Tired canoeists' fire 'not strong'

Tired canoeists' fire 'not strong'
Stephenie Chen (right) and Suzanne Seah paddling their way to gold in the women's K2 200m at Ngalike Dam on Friday - doubling their haul after winning the 500m race the day before.

SINGAPORE'S canoeists bagged their second gold at the SEA Games on Friday through the K2 200m duo of Suzanne Seah and Stephenie Chen.

But after three gruelling days, the team left the Ngalike Dam in quiet disappointment after failing to better their previous two gold, three silver, one bronze showing at the 2011 Games, or hit their target of three golds. Their 2013 campaign ended with a 2-2-2 tally.

However, coach Balazs Babella refused to fault his team, saying that they had given their best. The Hungarian explained that he had expected too much of them throughout the year - which has led to mental fatigue.

Midway through their Games campaign, he noticed that his charges looked tired and that the "fire" they had displayed in previous competitions was missing.

Said the two-time world champion: "It is 100 per cent my fault. I wanted too much and in the end, it was just too much for them.

"It has been a very long year, and we had to perform at every event. Mentally, it was just too much to handle.

"During competitions, I could see the fire they had in previous Games, but this time it's not that strong any more."

The bar was set for his team after a spectacular showing at July's South-east Asian Canoeing Championships in Palembang, Indonesia, where they took seven golds, four silvers and a bronze.

Encouraged by the results, Singapore Canoe Federation vice-president Zason Chian revealed that the team were eyeing three golds in Myanmar.

But with three of the men's events left out this year in the K1 1,000m, K2 1,000m and K2 200m - all of which Singapore were tipped to excel in - the team fell short of the mark.

Said the team's poster girl Geraldine Lee, who was part of yesterday's K4 200m bronze-medal quartet: "This is a competition. Sometimes the results are like this. We gave our best and we gave it everything we got." Along with Stephenie, Annabelle Ng and Sarah Chen, the team were beaten by 0.39 of a second by hosts Myanmar, who timed 37.39 seconds. Thailand were second in 37.68.

At least Seah and Stephenie again lifted the team as they took their second gold in 40.86sec. Myanmar (41.26) and Vietnam (41.76) were second and third.

The duo had won the K2 500m on Thursday.

Said Seah, a Nanyang Technology University undergraduate: "We really wanted to win for the team. This is really for the whole team, for everything we have worked for, all the effort that we have put in. The phrase 'trying our best' doesn't even explain how hard everyone pushed."

Friday's final medal was delivered by Mervyn Toh, who was second in the K1 200m. He lost to Thailand's Kasemsit Borriboonwasin by 0.41sec.

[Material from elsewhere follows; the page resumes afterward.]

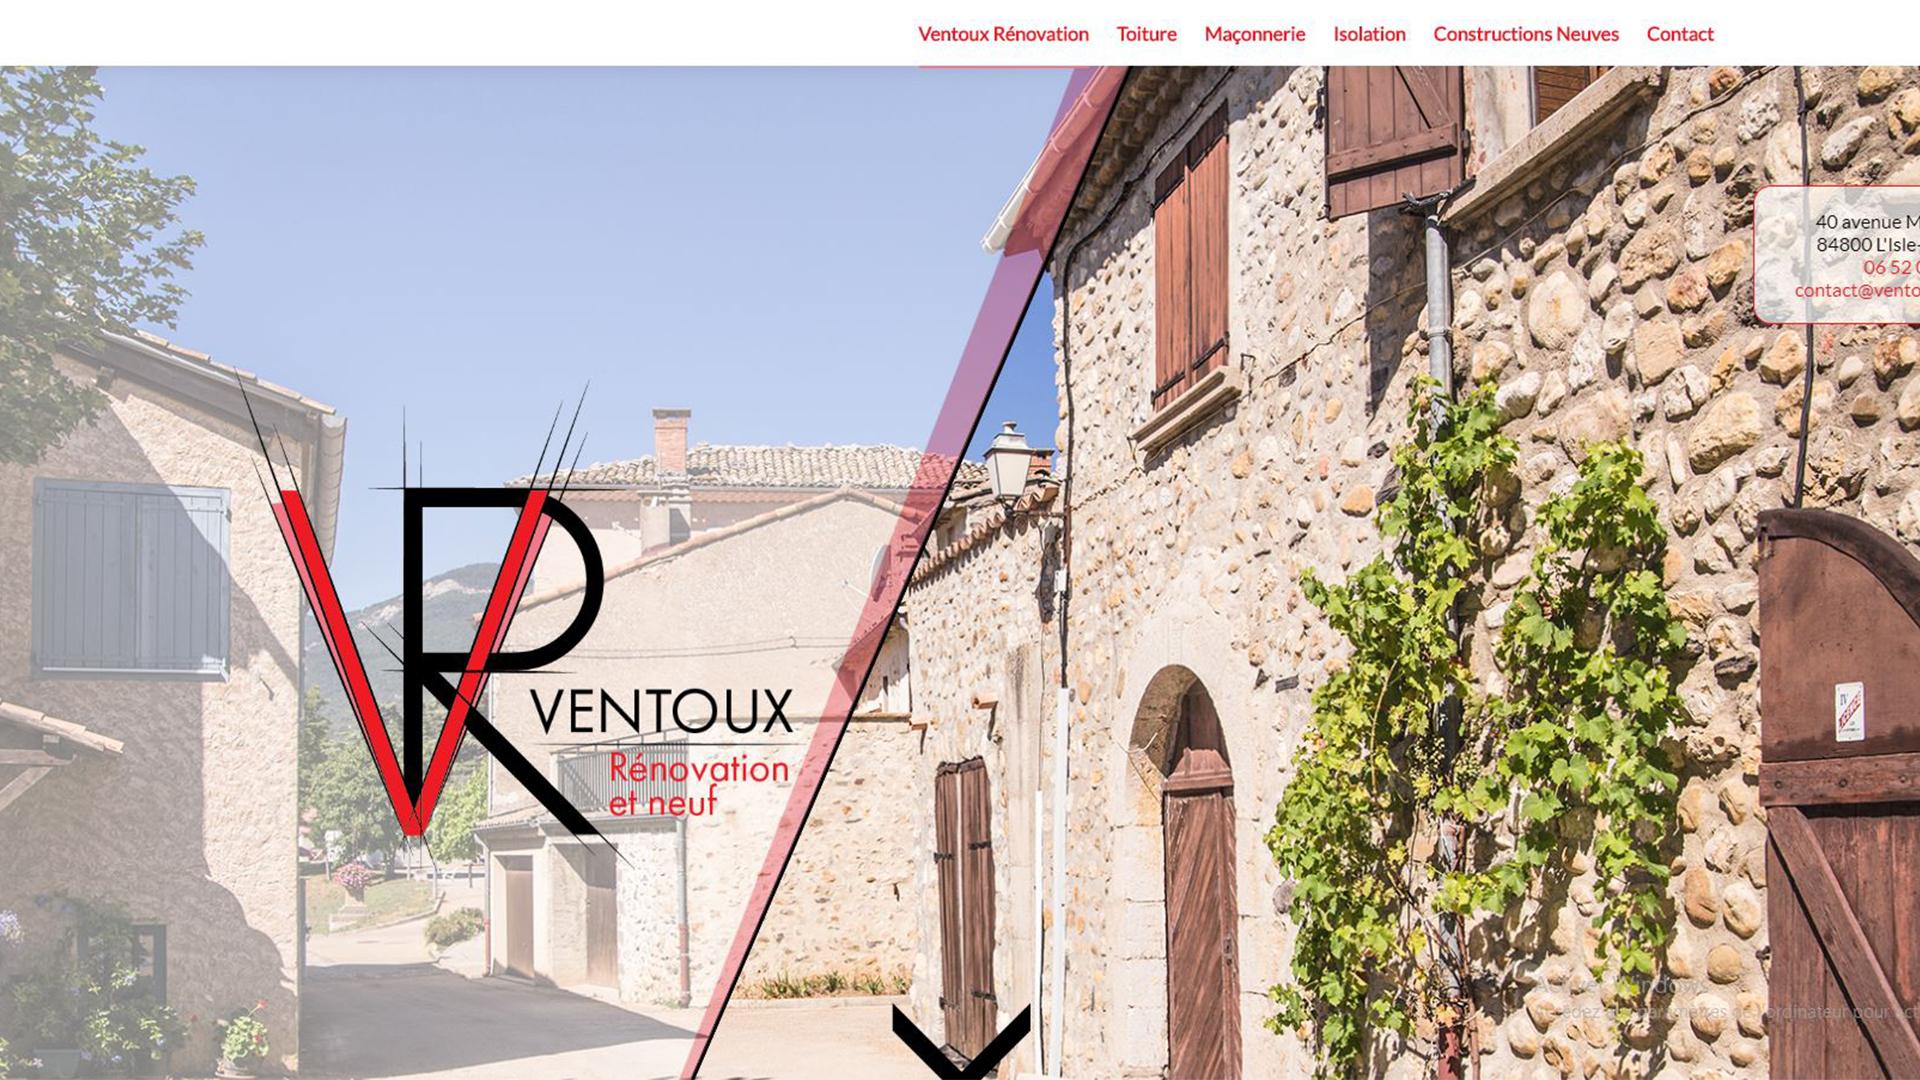 aide a domicile Arles-garde d'enfant Arles-menage Alpilles-entretien de locaux Bouches-du-Rhone-aide a la personne Arles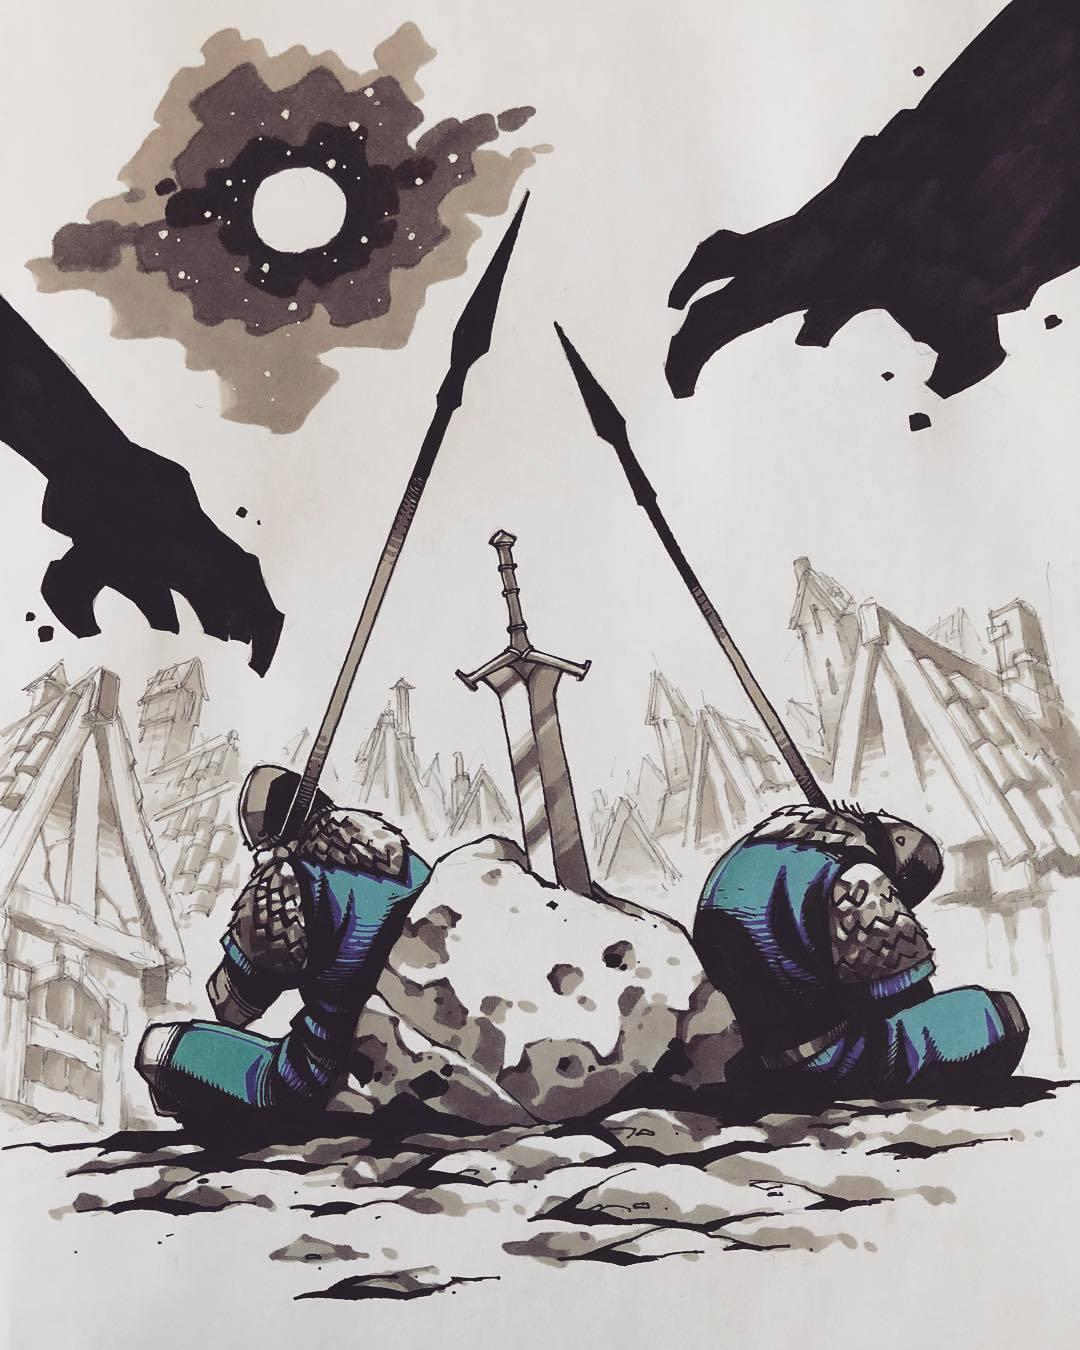 Похитители мечей. - Изображение 12

Like the tranquillity of the Ngalike Dam, where currents calmed down yesterday after days of strong winds, Babella and his team remained composed despite their disappointment.

The traditional celebrations at the coach's house back in Singapore will carry on because there are more battles to fight.

Already, they are looking to next year's Asian Games in Incheon, South Korea.

Said the coach: "Things can go two ways from here. Some will break, while others will come out stronger.

"We need to learn from what has happened here. We need to learn from the golds, the silvers, the fourth places, the fifth places. If we can do that, we will come out as winners."